Nested and repeated values
You can as well nest your values, if you like to:
$input = \Kiss\Utils::array_clean($_POST, array(
'first_name' => 'string|trim',
'last_name' => 'string|trim',
'age' => 'integer|range|18,99',
'mail_address' => 'mail',
'social' => array(
'facebook' => 'url',
'twitter' => 'url'
)
));
If you want to be able to receive a nested value multiple times, array_clean()
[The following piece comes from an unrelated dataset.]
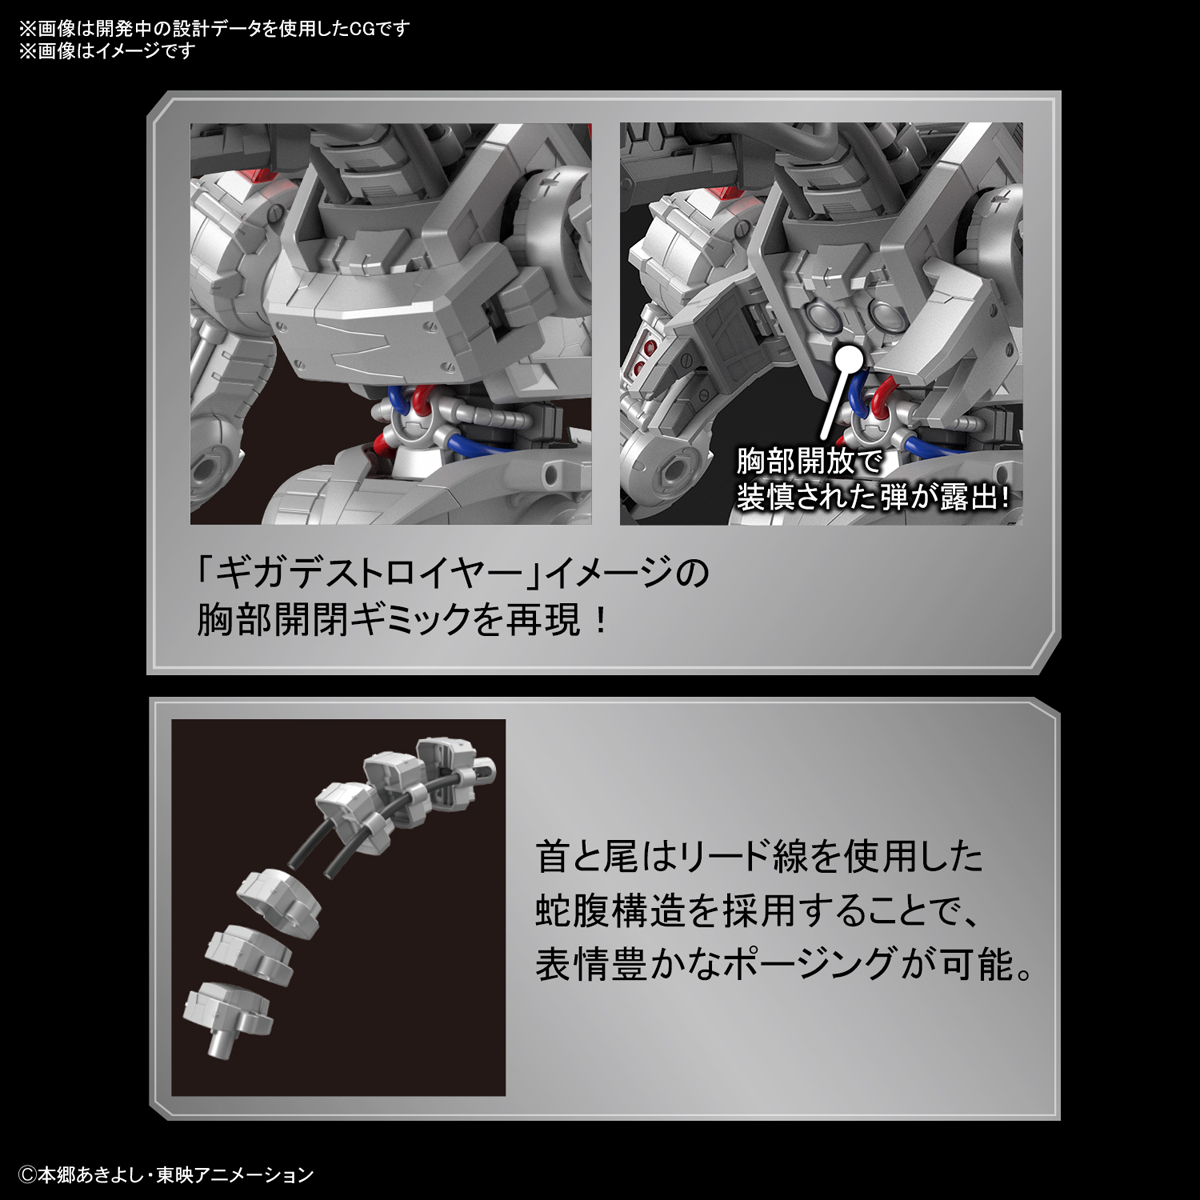 Figure-rise Standard Amplifie『ムゲンドラモン』デジモンアドベンチャー プラモデル-005

has you covered: it uses a special key called {{repeat}}
which tells the method that the nested property can have multiple children. Yes, this means that you can never pass a real property named {{repeat}}
to the method, but I just declare this to be a minor issue :P
$input = \Kiss\Utils::array_clean($_POST, array(
'users' => array(
'{{repeat}}' => 0,
'first_name' => 'string|trim',
'last_name' => 'string|trim'
);
));
If you set the property to 0
, it means that you assume any number of datasets passed in. Set it to a fixed number to cap the amount of properties in the array.
In our example, the users
property can have a unlimited number of firstname/lastname value pairs in it.
Remapping / renaming properties
Its possible to rename incoming properties on the fly, like so:
'txt-user-name > userName' => 'string'
Assuming you had a text input field with name
set to txt-user-name
, the array clean method will rename the property to userName
, so you can continue working with that property name.
Objectification
If you prefer to work with objects, rather than associative arrays in your program flow, just pass TRUE
as third parameter to the array_clean()
method and you can access all properties with the arrow symbol.
Conclusion
Okay, thats the rough overview of the function. You can find a bit more deailed description inside the function definition of the method.
I hope you like the method and can make good use of it like we do.
greetings,
Chris
Written by Christian Engel
Related protips
2 Responses
Just use the native filter functions, such as http://docs.php.net/manual/en/function.filter-input-array.php
They're available since PHP 5.2!
I could switch the internal functionality of arrayclean to use PHP's filter functions - yes. On the "outside", I still like arrayclean much more, because its easier/quicker to write and looks way cleaner and easier to understand if you take a quick look at your code - but thats a matter of taste.